Häufig gestellte Fragen
Worum geht es in dieser wissenschaftlichen Arbeit grundsätzlich?
Die Arbeit beschäftigt sich mit einer tiefgehenden Analyse und Interpretation des Sonetts „Verfall“ von Georg Trakl aus dem Jahr 1913.
Was sind die zentralen Themenfelder der Publikation?
Zentral sind die Auseinandersetzung mit dem Verfallsbegriff, die Rolle der Melancholie in Trakls Lyrik, die formale Struktur eines Sonetts sowie die biographische Verbindung zwischen dem Dichter und seinem Werk.
Welches primäre Ziel verfolgt die Forschungsarbeit?
Das Ziel ist es, Trakls spezifisches Verständnis von „Verfall“ aus dem Gedicht herauszukristallisieren und aufzuzeigen, wie er persönliche Schuldgefühle und eine apokalyptische Vorahnung auf den Krieg poetisch verarbeitet.
Welche wissenschaftlichen Methoden finden Anwendung?
Es wird eine kombinierte Analyse angewandt: Einerseits eine formale Untersuchung (Metrum, Reimschema, Alliterationen), andererseits eine inhaltlich-interpretatorische Analyse unter Einbezug biographischer und literaturwissenschaftlicher Sekundärquellen.

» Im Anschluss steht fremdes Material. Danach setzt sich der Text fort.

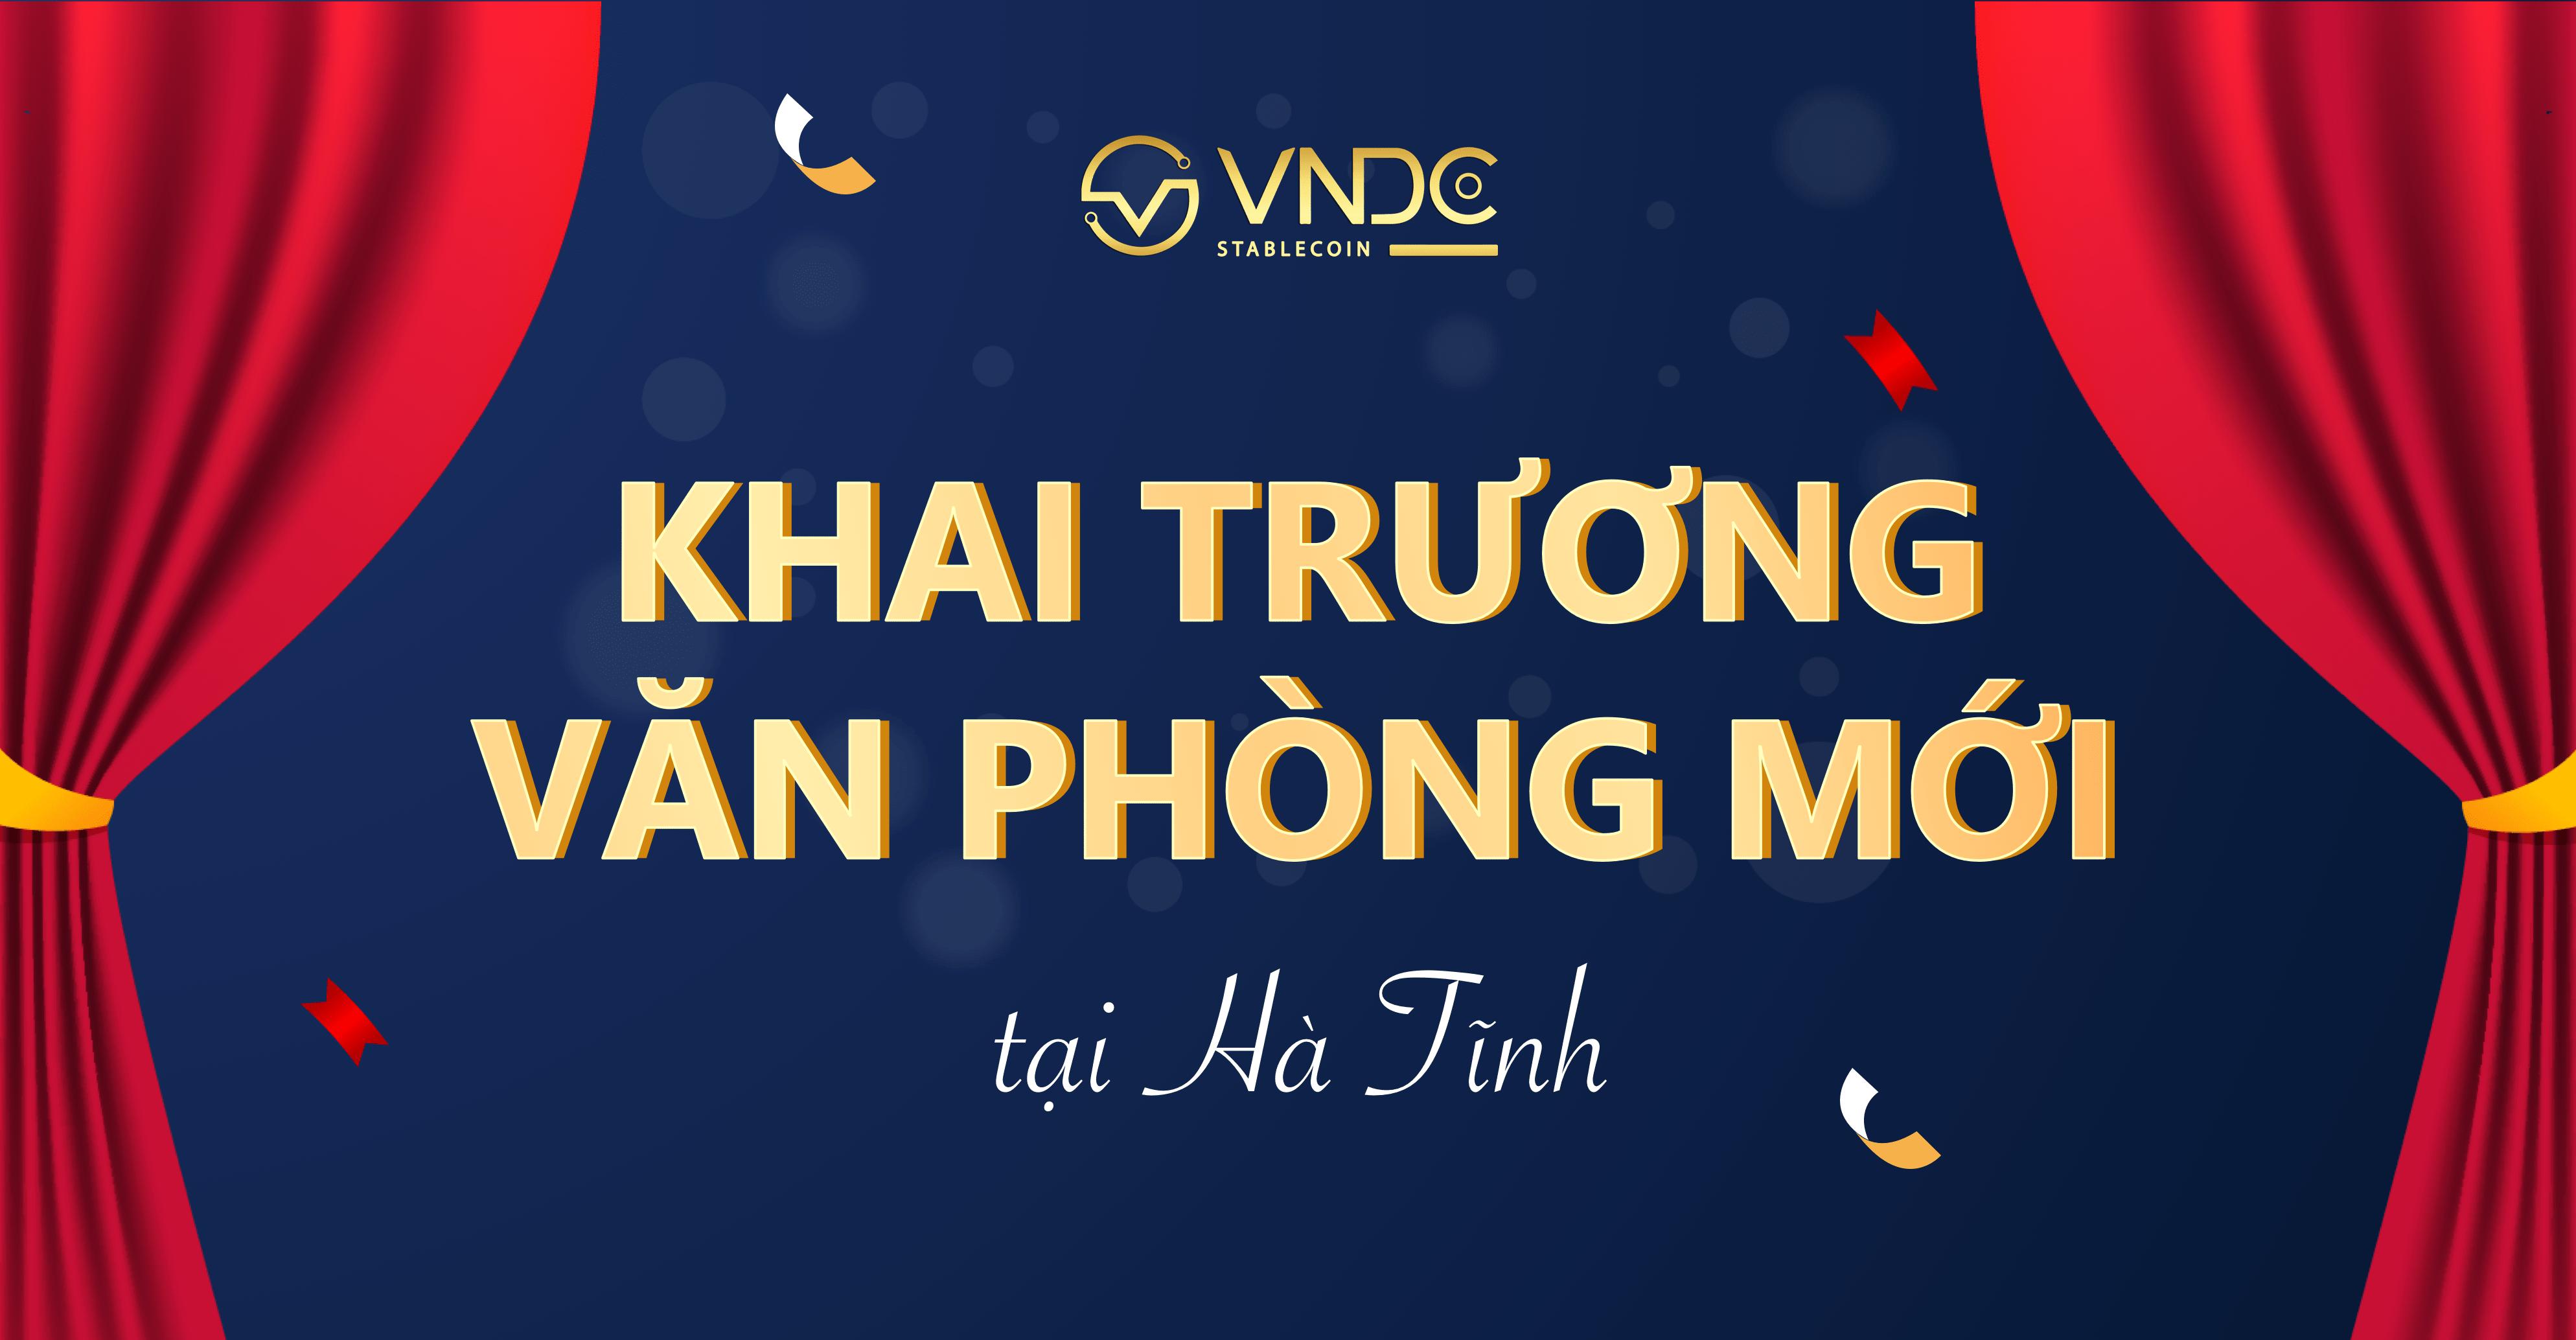 Khai trương Văn phòng Đối tác kinh doanh cấp Khu vực tại Hà Tĩnh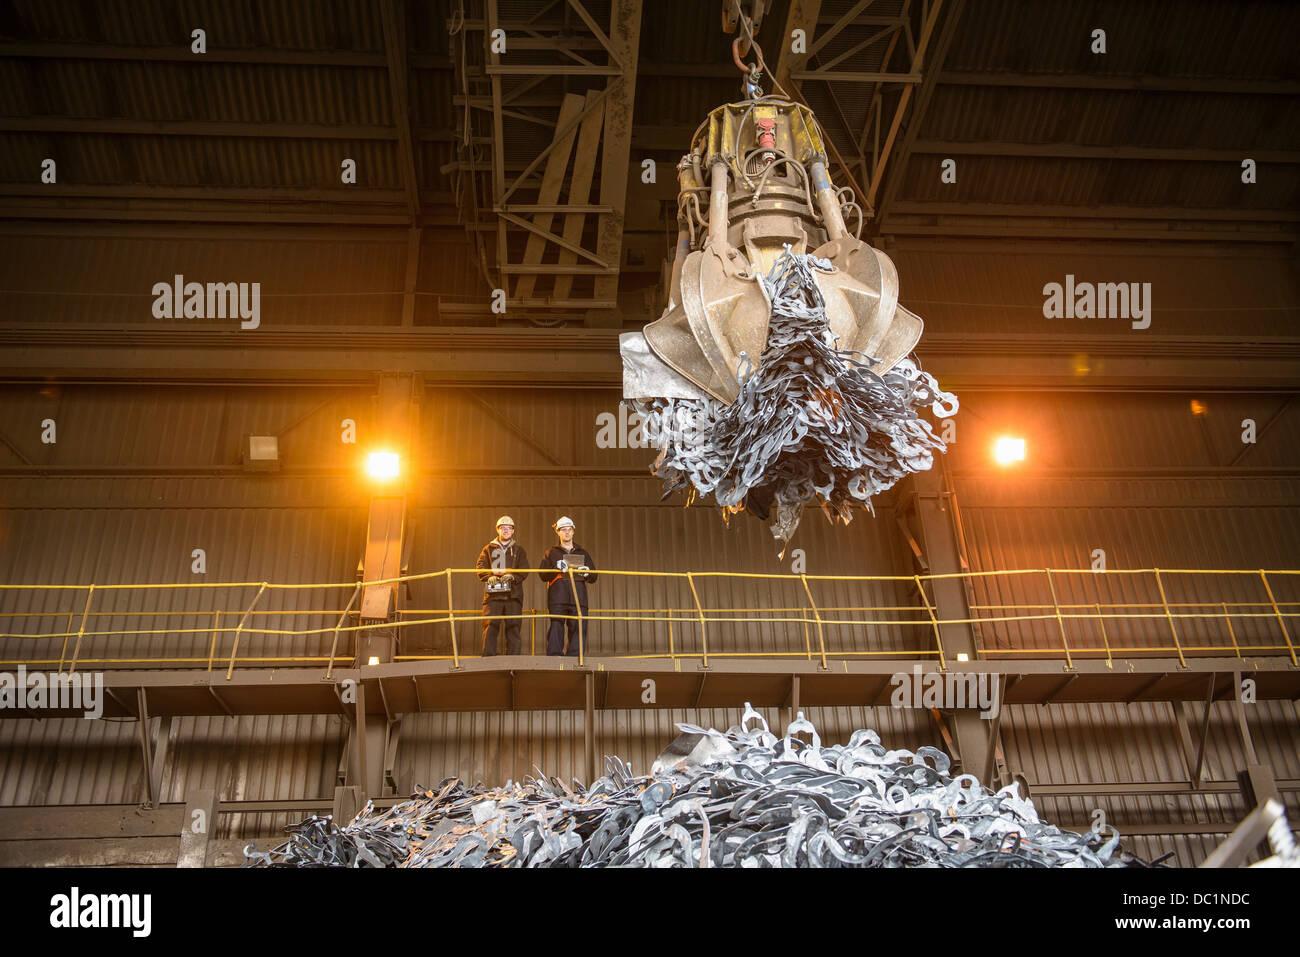 Les travailleurs de l'acier mécanique regarder grabber in steel foundry Banque D'Images

Was wird im Hauptteil der Arbeit behandelt?
Der Hauptteil gliedert sich in eine detaillierte Analyse der vier Strophen des Sonetts sowie eine interpretatorische Einordnung, die sich mit Trakls typischer Stilistik, seiner Farbsymbolik und dem Kontext seiner Epoche befasst.
Welche Schlüsselwörter charakterisieren die Arbeit am besten?
Besonders prägend sind die Begriffe: Georg Trakl, Verfall, Expressionismus, Todesverfallenheit, Lebenssehnsucht, existenzielle Krise und Symbolik.
Inwiefern beeinflusste Trakls Leben die Gestaltung des Gedichts „Verfall“?
Die Arbeit legt dar, dass Trakls eigene psychische Labilität, seine Drogenabhängigkeit und seine Schuldgefühle sich direkt in der düsteren Bildsprache und der Thematisierung von Tod und Untergang in diesem Gedicht widerspiegeln.
Wie deutet die Arbeit die Rolle des Krieges in diesem Sonett?
Der Autor argumentiert, dass das Gedicht als eine Art „Seher-Dichtung“ fungiert, in der Trakl intuitiv die Katastrophe des Ersten Weltkriegs und die allgemeine gesellschaftliche Stimmung der Zeit in den Verfall der Natur projiziert.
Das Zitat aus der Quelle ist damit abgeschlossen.